### Aim of the task
The listing below holds pictures; exclude them. Return exactly the lines from the one with "Prada Triangle Logo Wallet" through the one with "USA, Maine, Machias.".

Recorded information section start

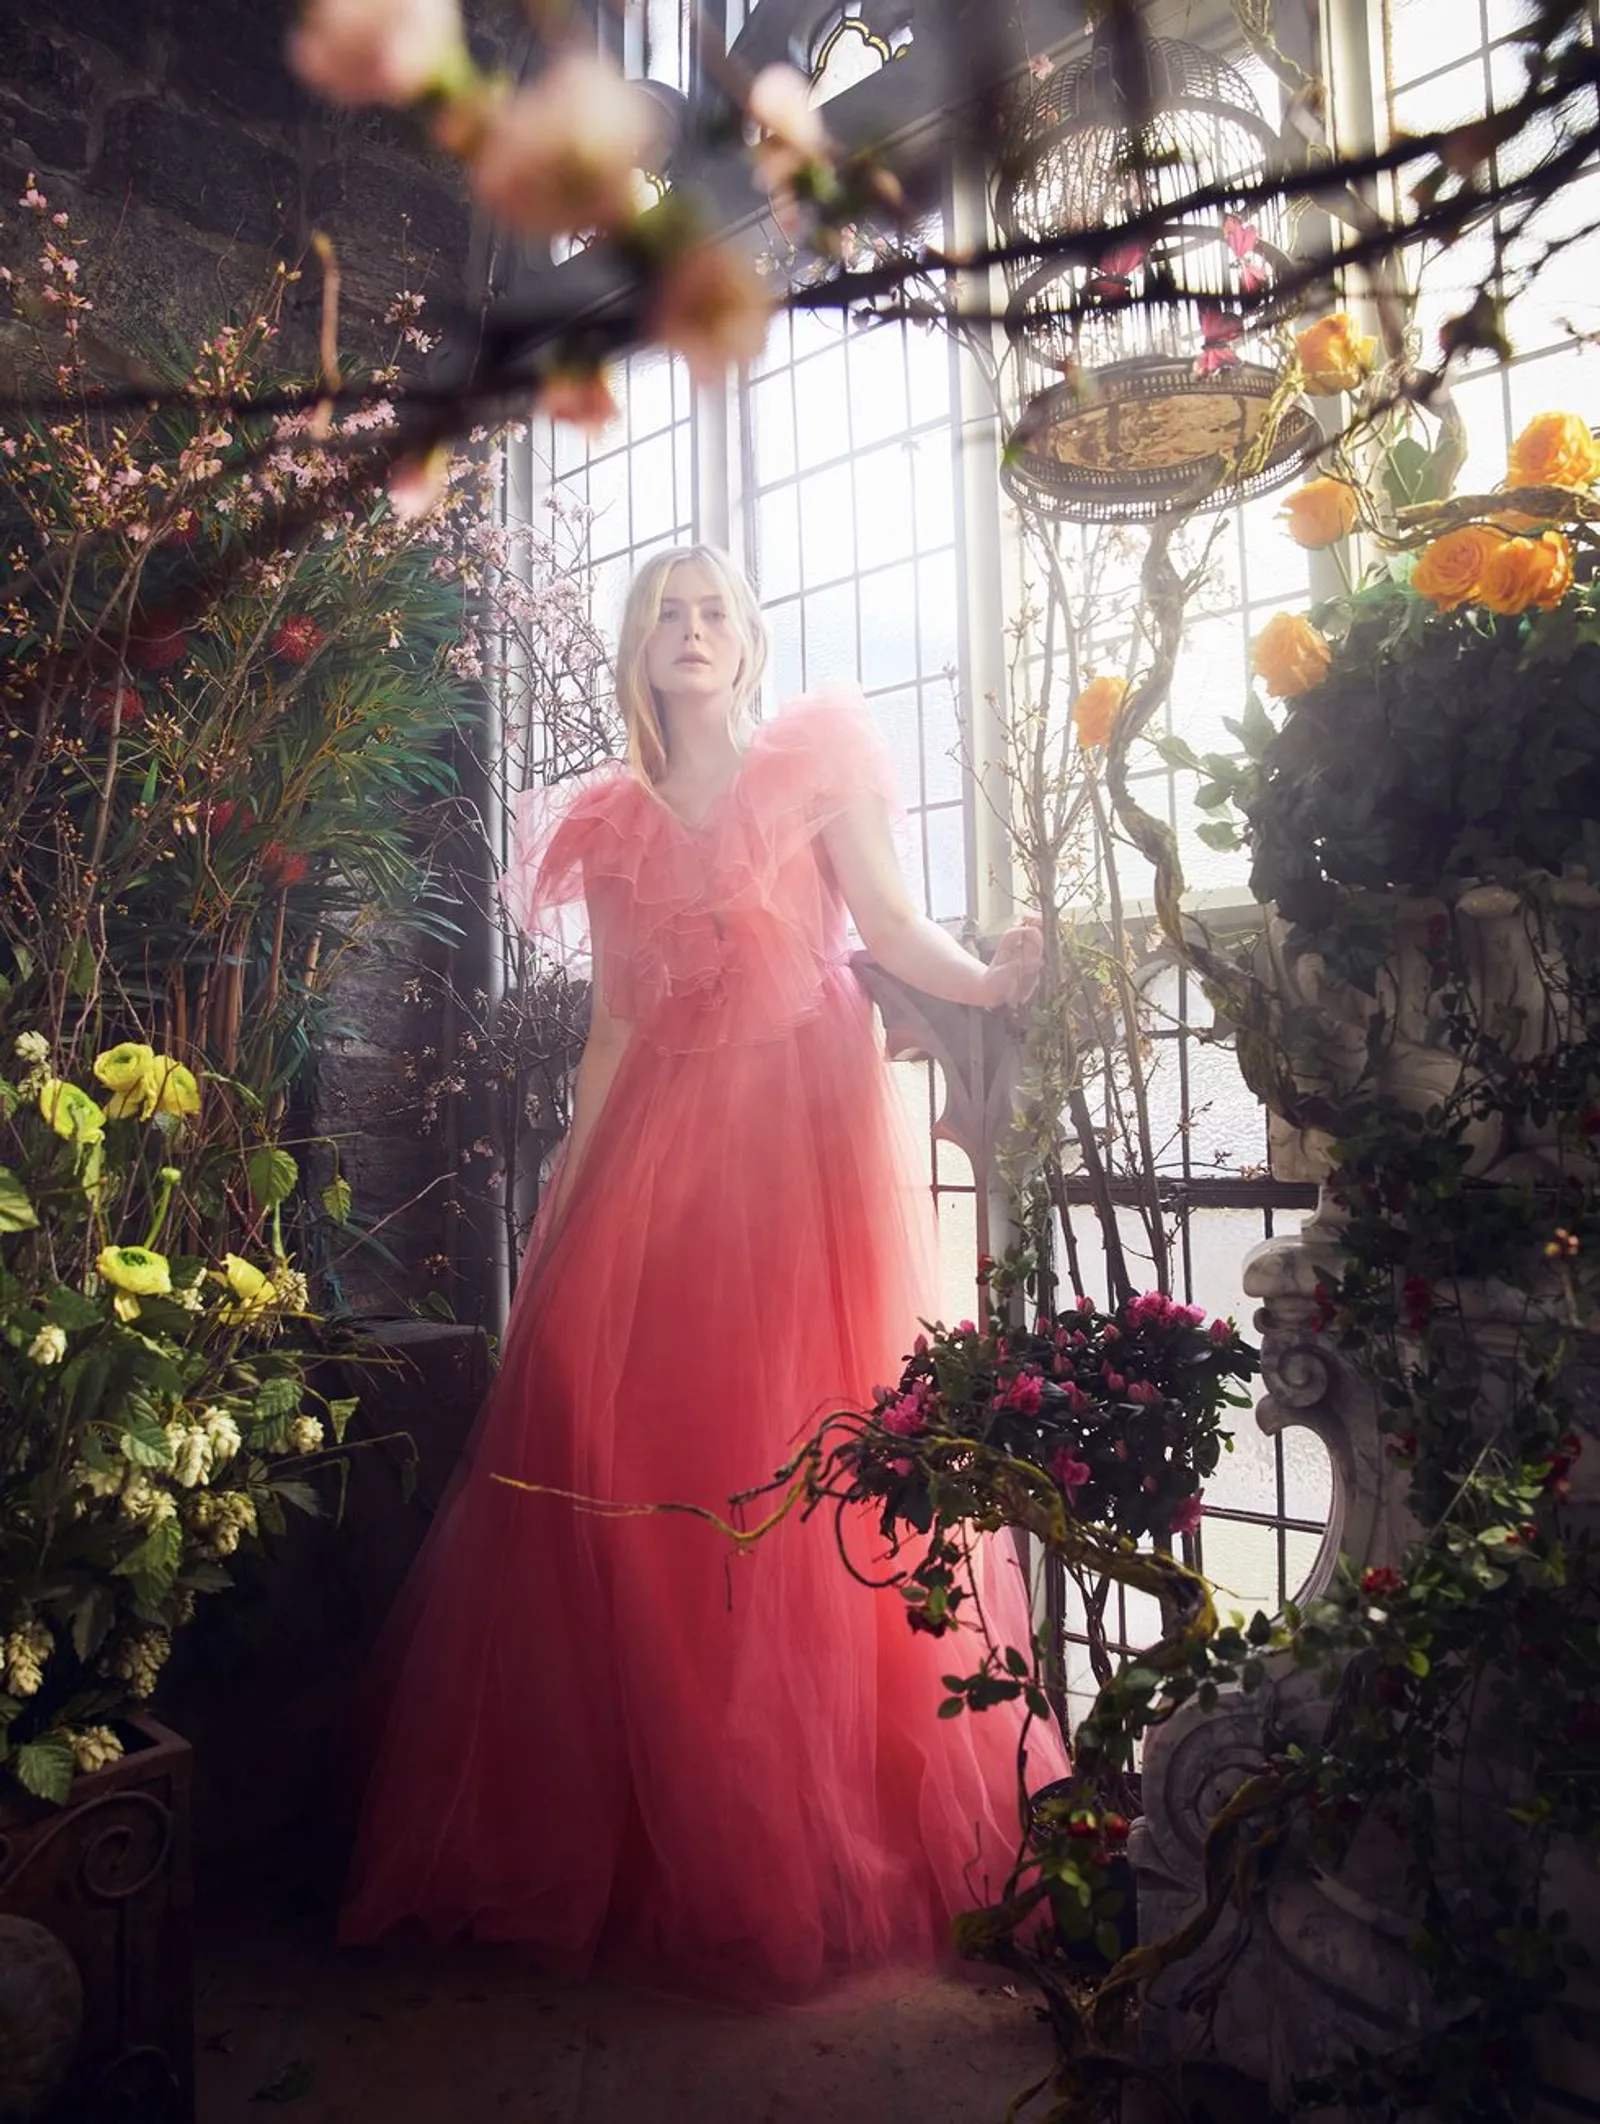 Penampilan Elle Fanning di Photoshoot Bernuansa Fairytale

Recorded information section end
Recorded information section start

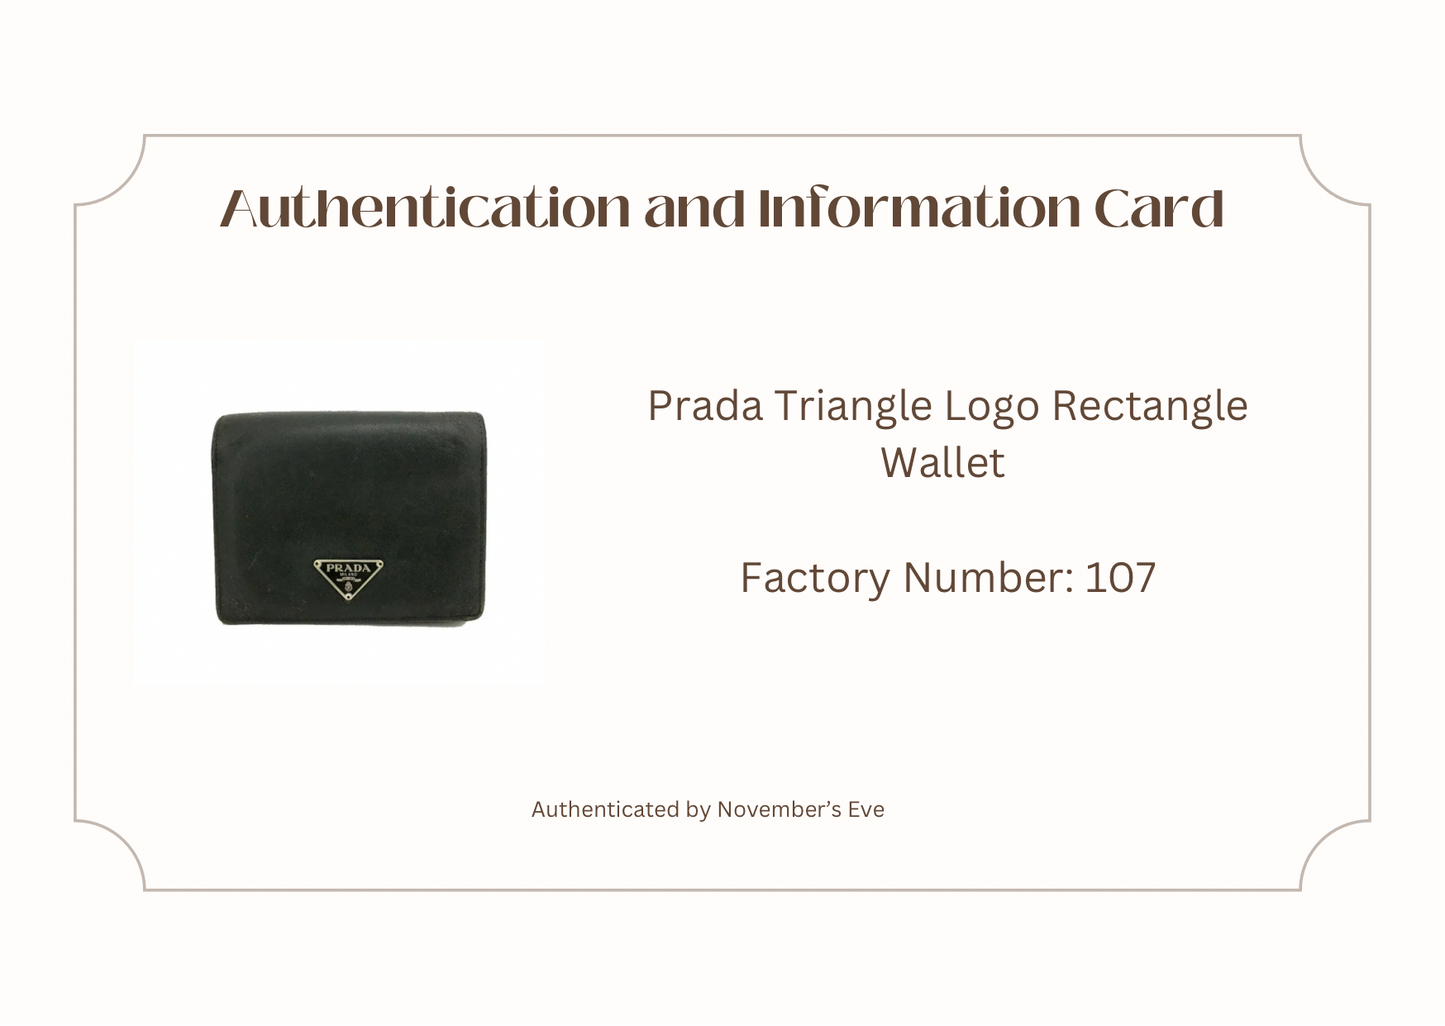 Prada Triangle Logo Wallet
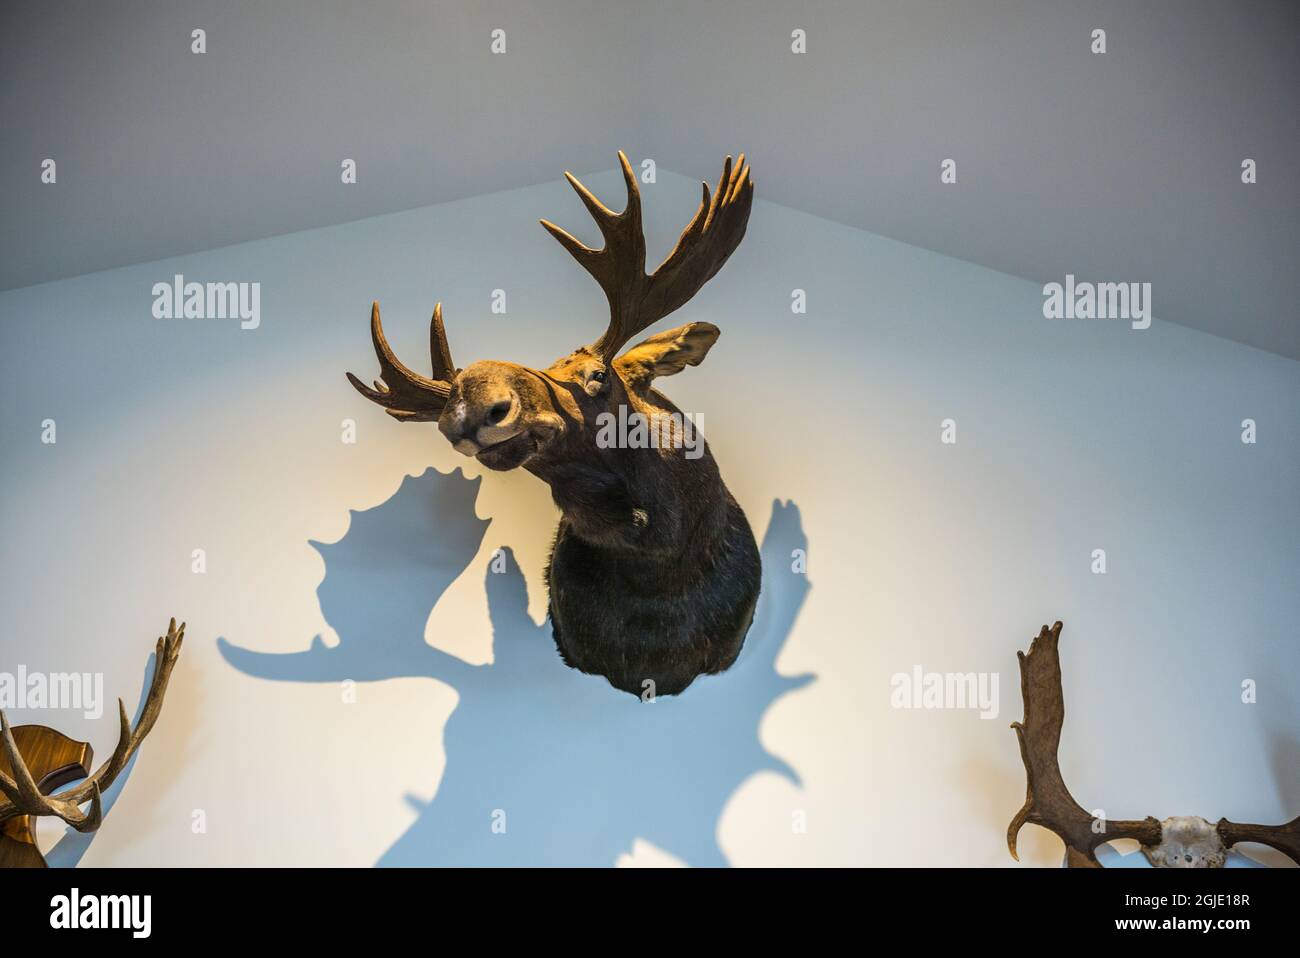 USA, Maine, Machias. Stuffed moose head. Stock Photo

Recorded information section end
Recorded information section start

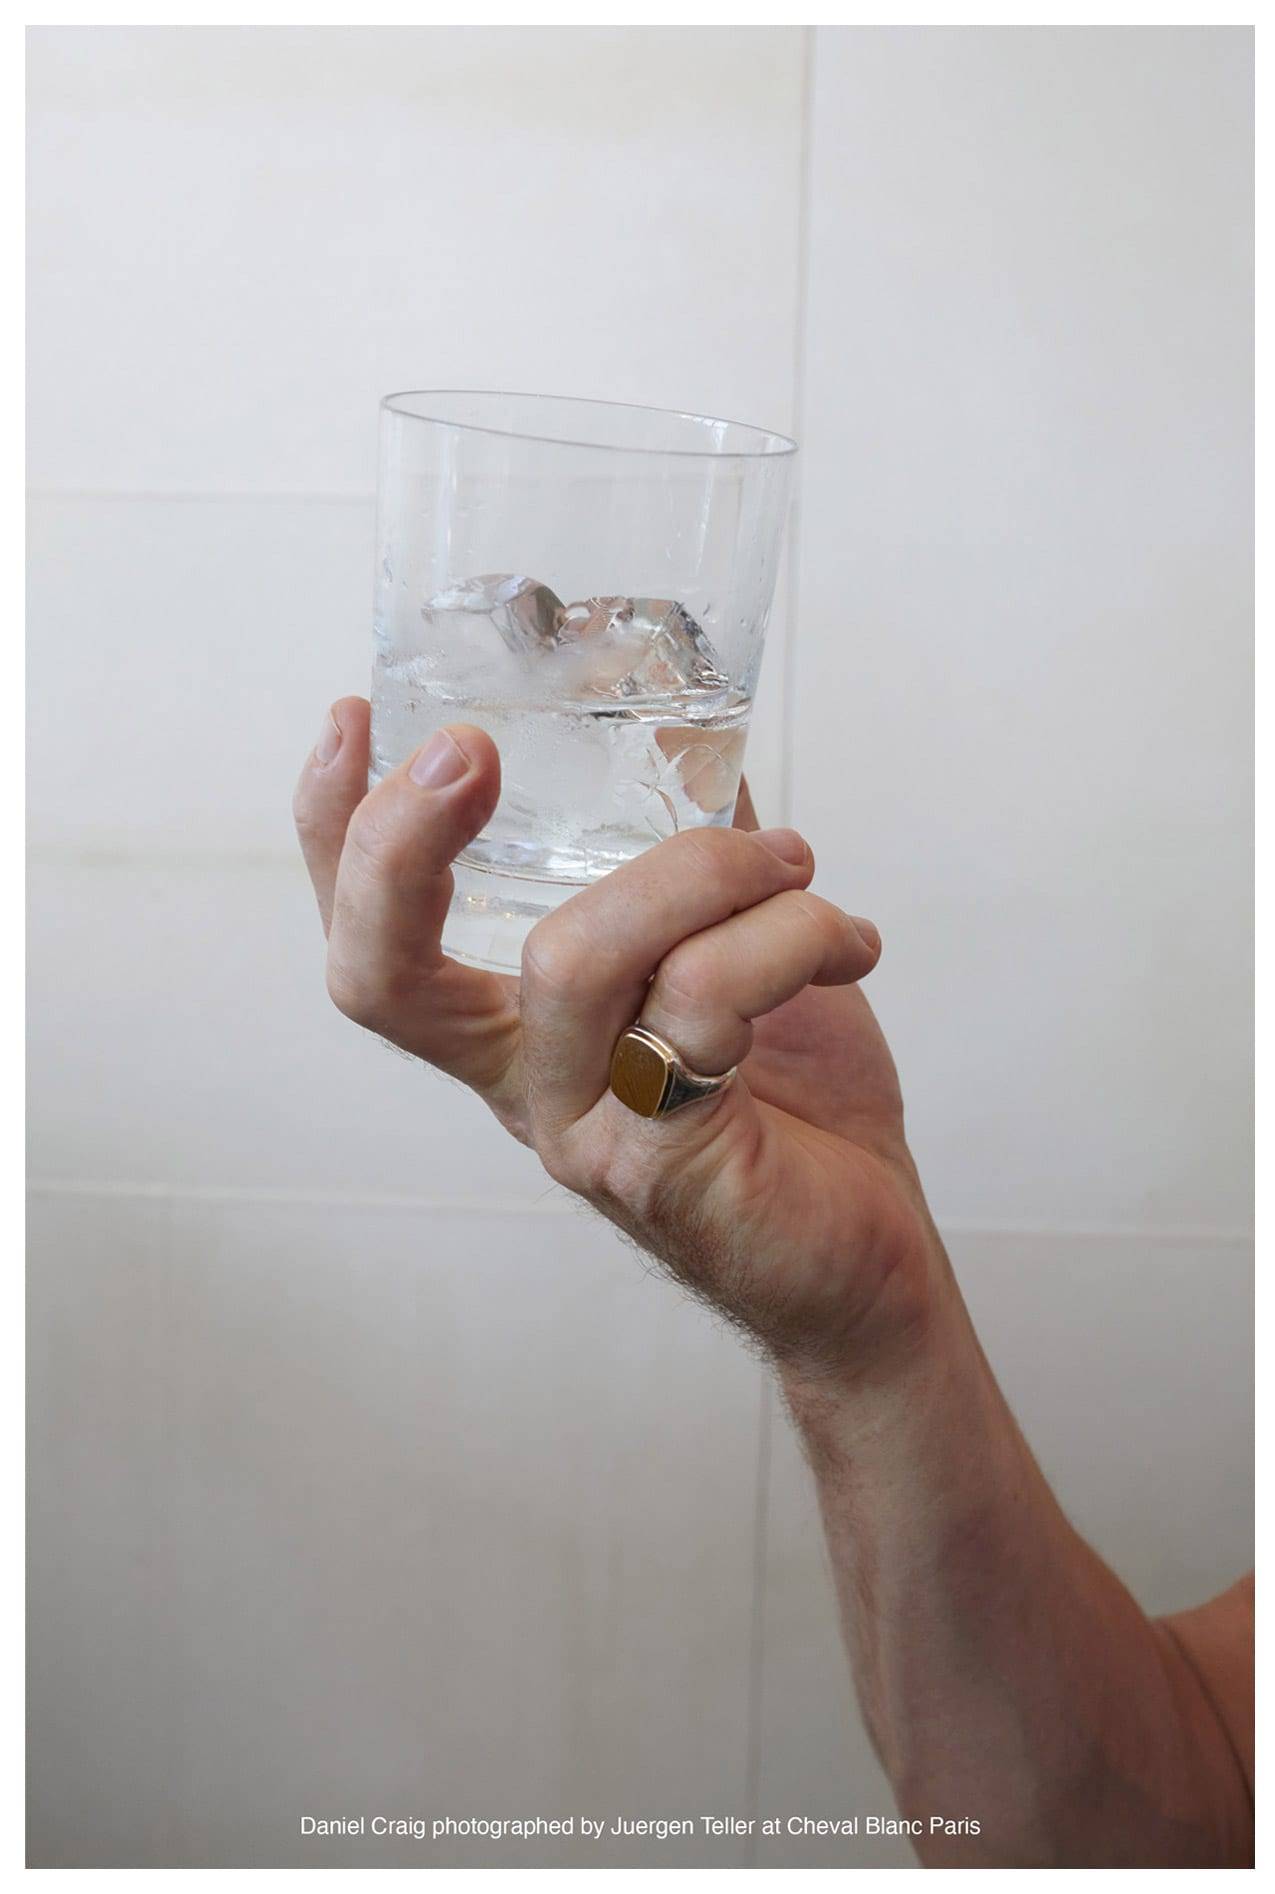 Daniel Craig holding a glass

Recorded information section end

### Result of this task
 Prada Triangle Logo Wallet
 USA, Maine, Machias. Stuffed moose head. Stock Photo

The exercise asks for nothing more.